Com o depósito cheio de um inesgotável combustível, subimos a um céu repleto de estrelas com “Sprawl II (Mountains Beyond Mountains)”, num ritmo naife e psicadélico, e ousamos não ofuscar pelo brilho de “Reflektor” e dos espelhos que invadiam o palco. Desafiando a gravidade e não podendo deixar de sentir, ao longe, os saudosos New Order, saltamos com “Afterlife”, e para não perder o ritmo, recebemos, de braços e ouvidos abertos, “We Exist” e a rockeira “Normal Person”.

Com a congregação rendida ao seu pastor, ainda que sem bíblias de néons, as palmas sublinhavam o andamento de “Keep the Car Running”, havendo condições para dar seguimento à liturgia de “Intervencion”(com uma breve revisitação aos Sex Pistols no final), com direito ao exorcismo negro que é “My Body is a Cage”. De novo à conta de uma luz nascida nos subúrbios, “We Used to Wait” empurra aos almas até ao céu, faz Win Butler correr desenfreadamente pelas laterais do palco, e não é de estranhar que cheguemos a um sítio como “No Cars Go”, um dos momentos mais bonitos da noite.

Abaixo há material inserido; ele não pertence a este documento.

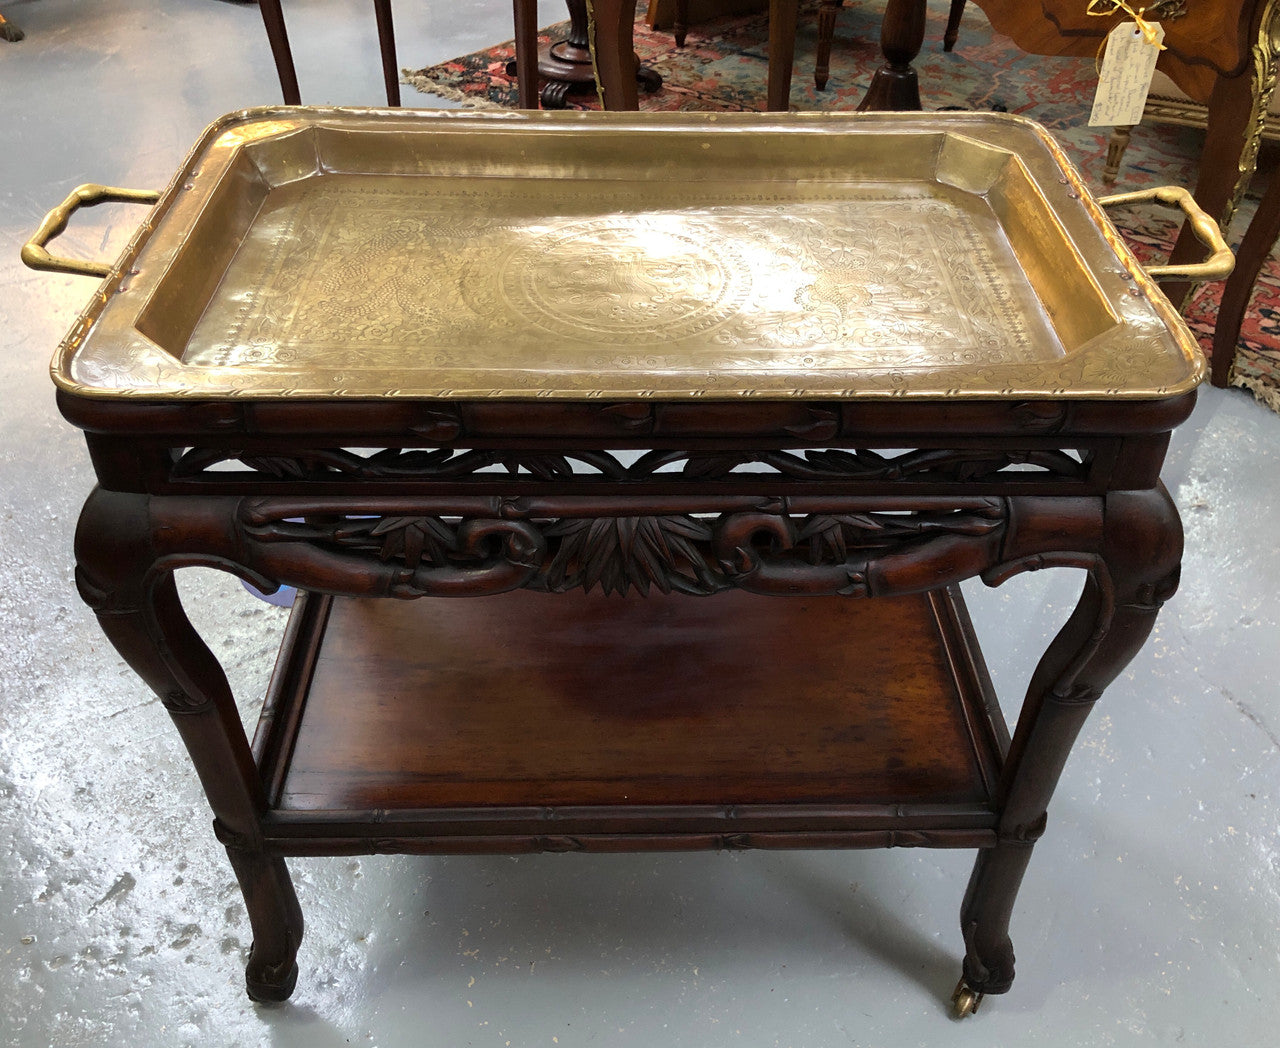 Victorian Rosewood auto/drinks trolley with a very decorative removable brass tray. In very good original detail condition.

A celebração não parava, ainda que por vezes fosse necessário reduzir o andamento e “Ocean of Noise” conseguiu recuperar o fôlego para chegar a um bons portos de abrigo como são “Neighborhood #1 (Tunnels)”, cujo riff inicial desperta qualquer coração, e “Neighborhood #3 (Power out)”, que nos fizeram recuar até ao disco de estreia da banda. Mas se “Rebellion” nos manteve em “Funeral”, “Here Comes The Night Time” teve o condão de nos avançar no tempo e transportar para outras reflexões com o palco a ser invadido não por aliens mas pelos cabeçudos que ficaram conhecidos no videoclip de “Reflektor”, obra do mestre Anton Cornijn. O final do concerto, depois de Butler se aventurar junto do público, entretanto premiado com uma chuva de confetti, e receber como recompensa um cachecol de Portugal, fez-se ao som do esperado “Wake Up”, canção que faz disparar uma espécie de orgasmo auditivo e leva-nos a entoar a canção durante, minutos, horas, dias. De alma cheia, resta-nos, portanto, dizer obrigado, pois, bolas, valeu mesmo a pena!